There are a number of in situ techniques for recovering hydrocarbons, such as heavy oil and bitumen, from subsurface reservoirs. Thermal in situ recovery techniques often involve the injection of a heating fluid, such as steam, in order to heat and thereby reduce the viscosity of the hydrocarbons to facilitate recovery. One technique, called Steam-Assisted Gravity Drainage (SAGD), has become a widespread process for recovering heavy oil and bitumen, particularly in the oil sands of northern Alberta. The SAGD process involves well pairs, each pair having two horizontal wells drilled in the reservoir and aligned in spaced relation one on top of the other. The upper horizontal well is a steam injection well and the lower horizontal well is a production well.

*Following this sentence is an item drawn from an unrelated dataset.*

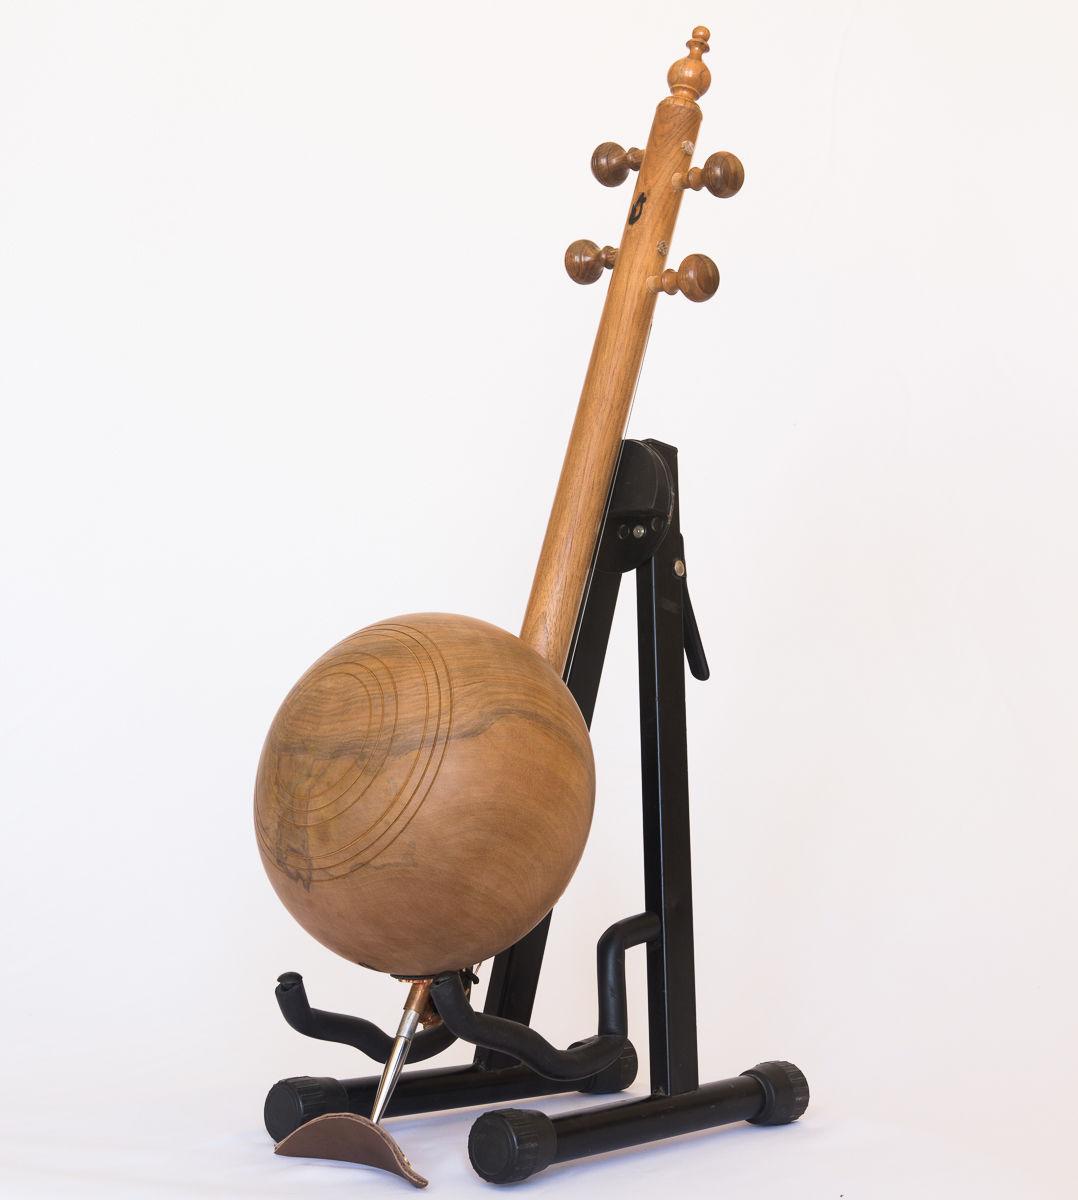 Concert quality Azeri kamanche

A SAGD operation typically begins in startup mode, in order to establish fluid communication between the injection well and the production well. After startup, the production well can be recompleted for mechanical lift. Mechanical lift can involve the installation of a downhole pump, such as an electric submersible pump (ESP), at the end of an associated production line to provide the hydraulic force for lifting production fluids to the surface via the associated production line. When a production well is completed with a downhole pump, instrumentation including, for example, optical fibers, thermocouples and/or pressure sensors, can be provided running from the surface downward along the pump production line and terminating at and clamped to the downhole pump.
The use of a downhole pump, such as an ESP, involves a number of challenges. For example, the installation of a downhole pump can limit or prevent the possibility of running instrumentation and/or carrying out logging or other operations below the pump into the producing interval of the well. In some scenarios, however, it can be desirable or necessary to monitor reservoir characteristics and/or process conditions below the pump to facilitate evaluation of different parameters (e.g., temperatures, pressures, flow rates, etc.) along the horizontal portion of the well and, in turn, manage well operations based on the collected data.
Conventional methods of getting instrumentation past a downhole pump deployed in a wellbore can involve time-consuming, extensive, and costly wellbore, wellhead and flowline modifications, and represent considerable downtime with various associated inefficiencies. Accordingly, various challenges still exist in the area of techniques for downhole deployment of well instrumentation in thermal in situ hydrocarbon recovery operations.